REPUBLIKA.CO.ID, PALEMBANG -- Diterimanya uji materil tentang pengajuan Peninjauan Kembali (PK) oleh Mahkamah Konstitusi (MK) dianggap mengacaukan sistem hukum di Indonesia. Mantan Ketua Hakim Konstitusi Mahfud MD mengatakan, bahkan, putusan MK yang menerima judical review itu, berbahaya.
"Saya berpikir spontan saja, begitu mendengar ada vonis seperti itu," kata dia, saat kunjungannya ke Musi Rawas, Palembang, Jumat (7/3). Mahmud mengatakan, sebagai warga negara paham hukum, dirinya cemas atas prospek hukum di Indonesia.
MK mengabulkan gugatan uji materil atas pasal 268 ayat (3) Kitab Undang-undang Hukum Acara Pidana (KUHAP). Gugatan itu diajukan oleh terpidana pembunuhan, Antasari Azhar. Dia ini, juga adalah bekas Ketua Komisi Pemberantasan Korupsi (KPK).
Antasari dipidana 18 tahun penjara lantaan terbukti turut serta dalam kasus pembunuhan, Direktur PT Rajawali Putra Banjaran, Nasrudin Zulkarnaen, 2009 lalu.
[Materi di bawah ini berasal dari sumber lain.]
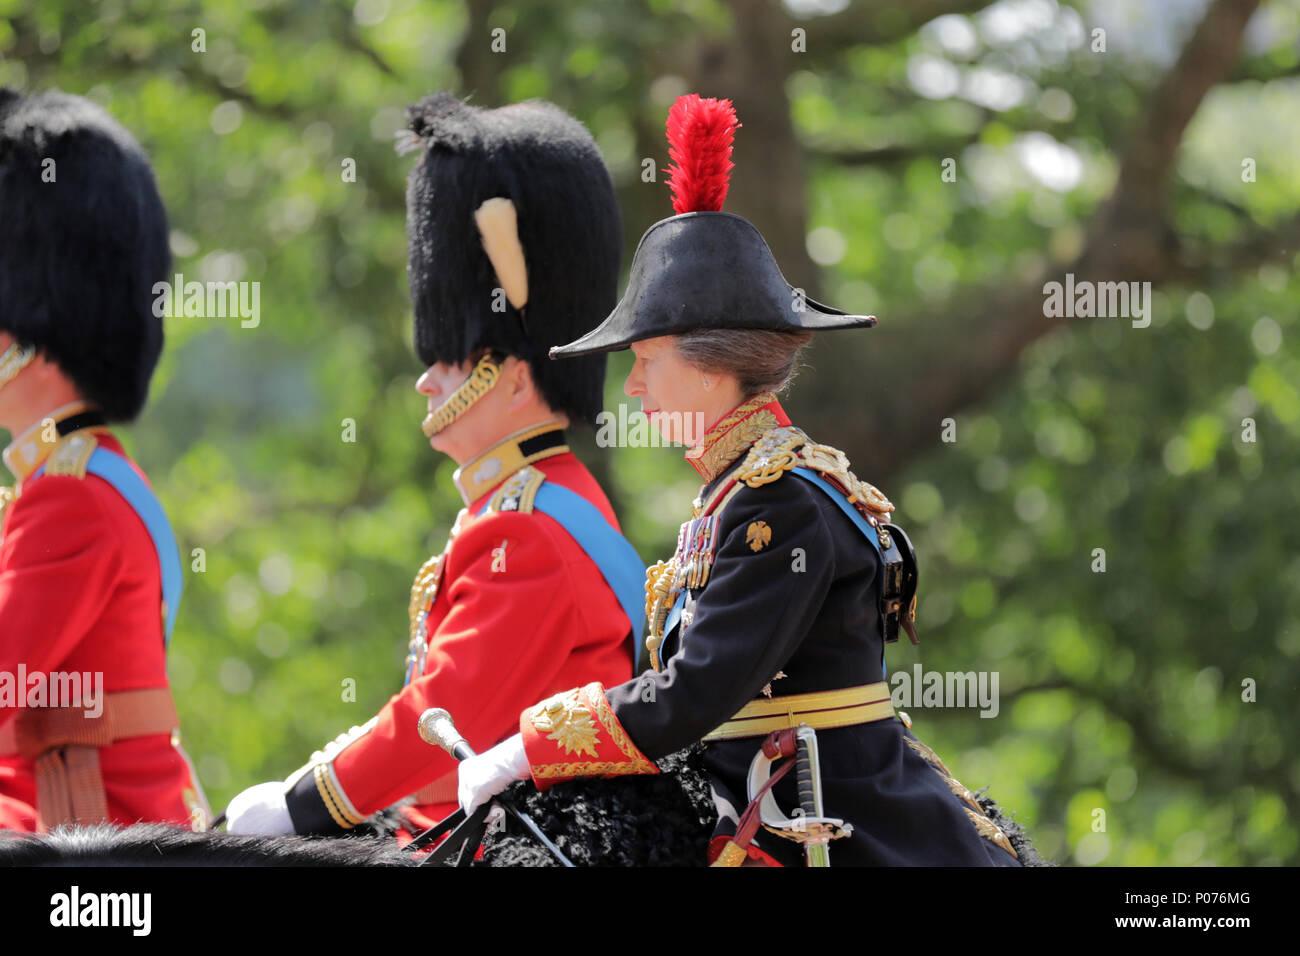 London, UK, 9 June 2018.  HRH Princess Anne, The Princess Royal, on Horseback,Trooping the Colour Credit: amanda rose/Alamy Live News Credit: amanda rose/Alamy Live News Stock Photo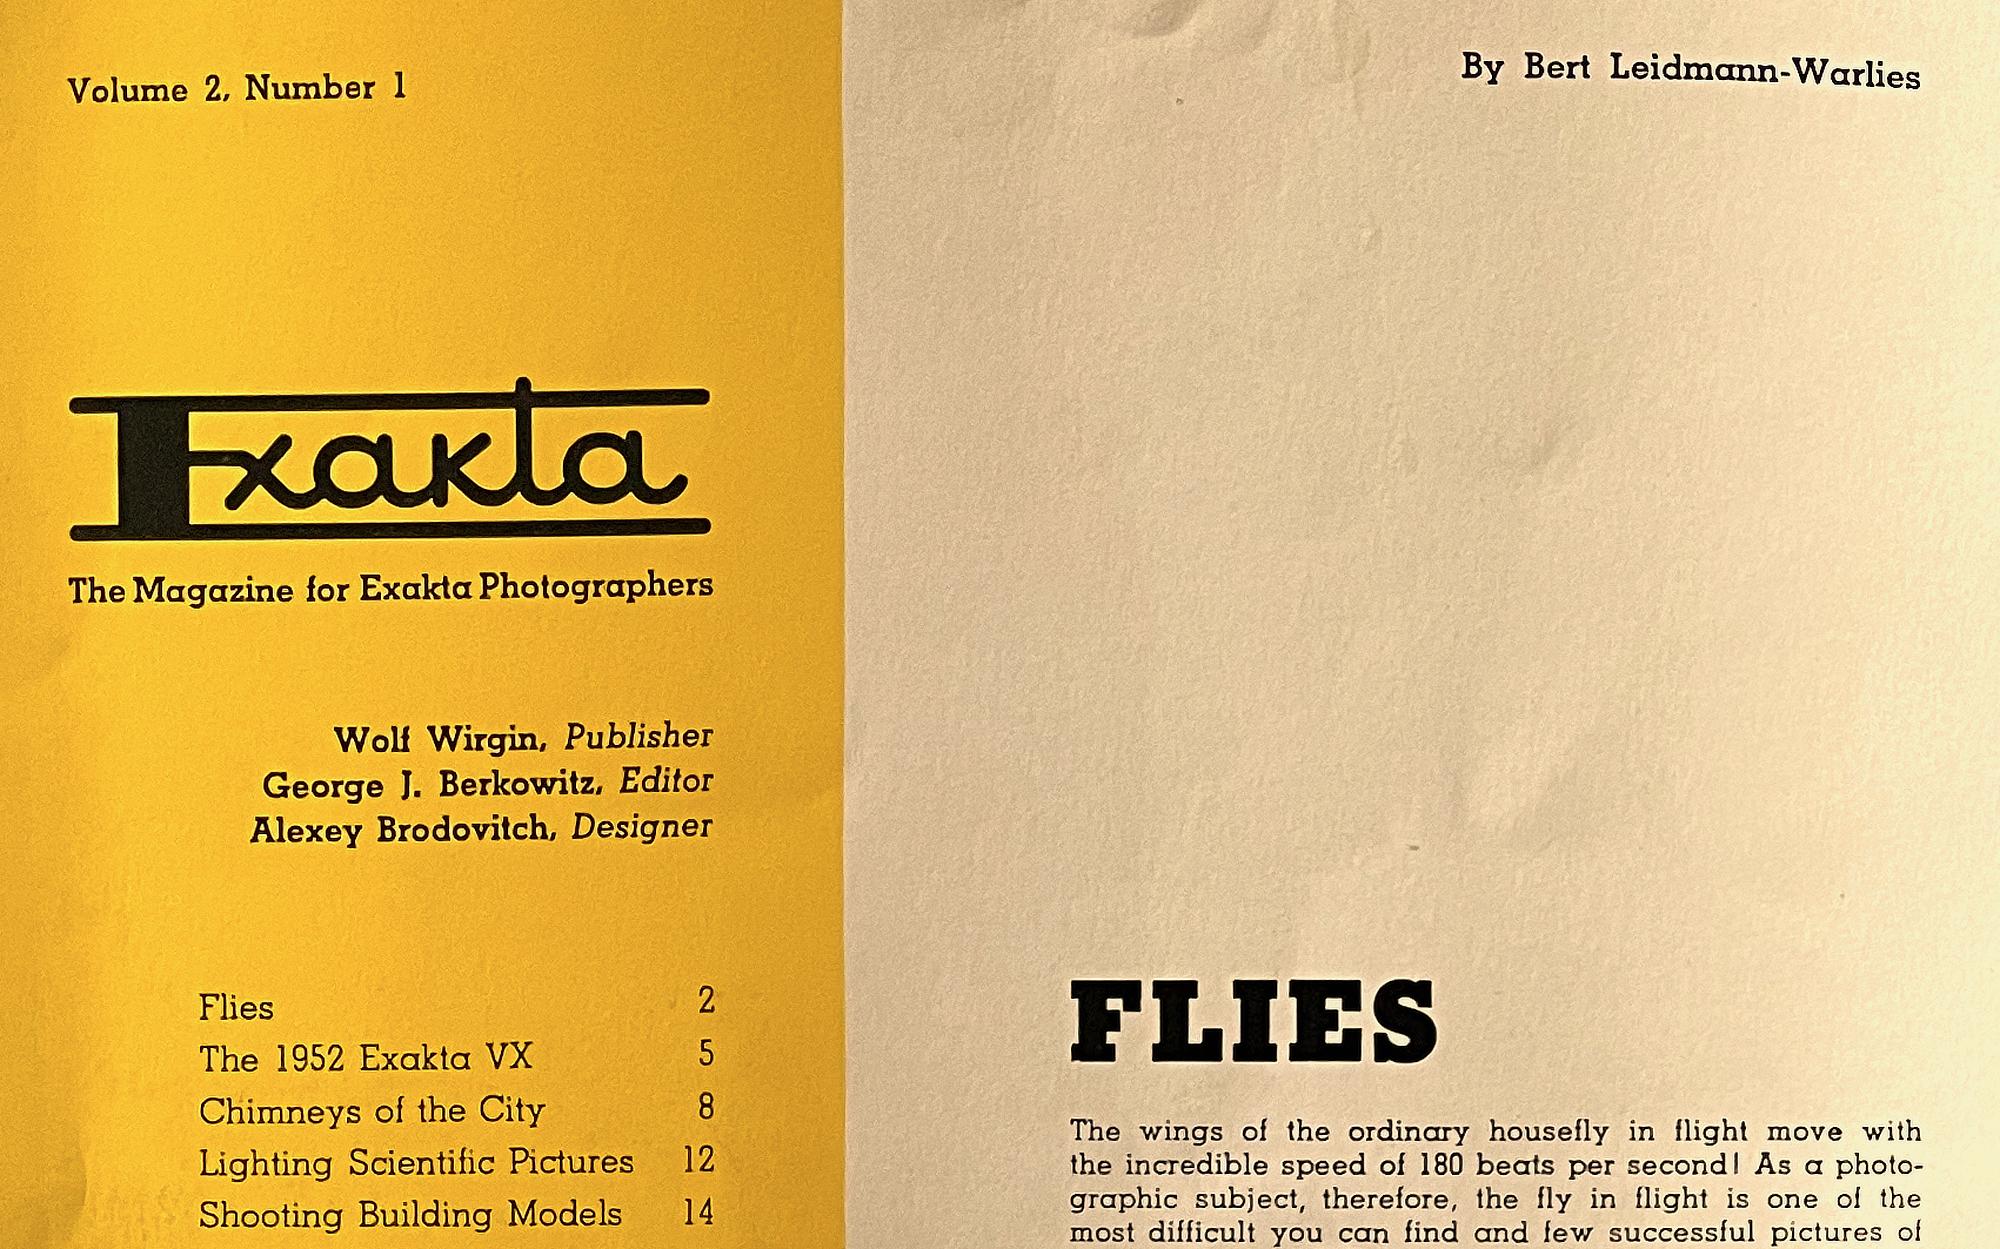 Alexey Brodovitch's Forgotten Design for Exakta Magazine

Antasari pernah mengajukan PK atas kasus yang menimpanya itu pada 2011. Tapi, Mahkamah Agung (MA) menolak lantaran tidak ada bukti baru.
Penolakan MA itu menutup upaya hukum membebaskan diri Antasari. Ketentuan KUHAP pasal 268 ayat (3) mengatur, PK hanya boleh diajukan sekali. Dikabulkannya uji materil atas gugatan tersebut, membuat Antasari bisa ajukan PK berkali-kali.
Menurut Mahfud, putusan MK tetap sah. Akan tetapi, punya risiko juga rancu. Kata dia, putusan tersebut membuka pintu kepastian hukum yang tidak jelas. Sebab PK diatas PK sama artinya dengan 'menggantung' kepastian hukum. "Orang yang sudah dihukum masih bisa dianggap belum bersalah," kata dia.
Diterangkan dia, proses PK memang tidak bisa menangguhkan eksekusi seorang terpidana. Akan tetapi, di Indonesia, kata dia, banyak kasus eksekusi yang mangkrak lantaran menunggu PK. Jika PK bisa diajukan berkali-kali, maka, menurut dia bakal semakin sulit menemukan kepastian hukum.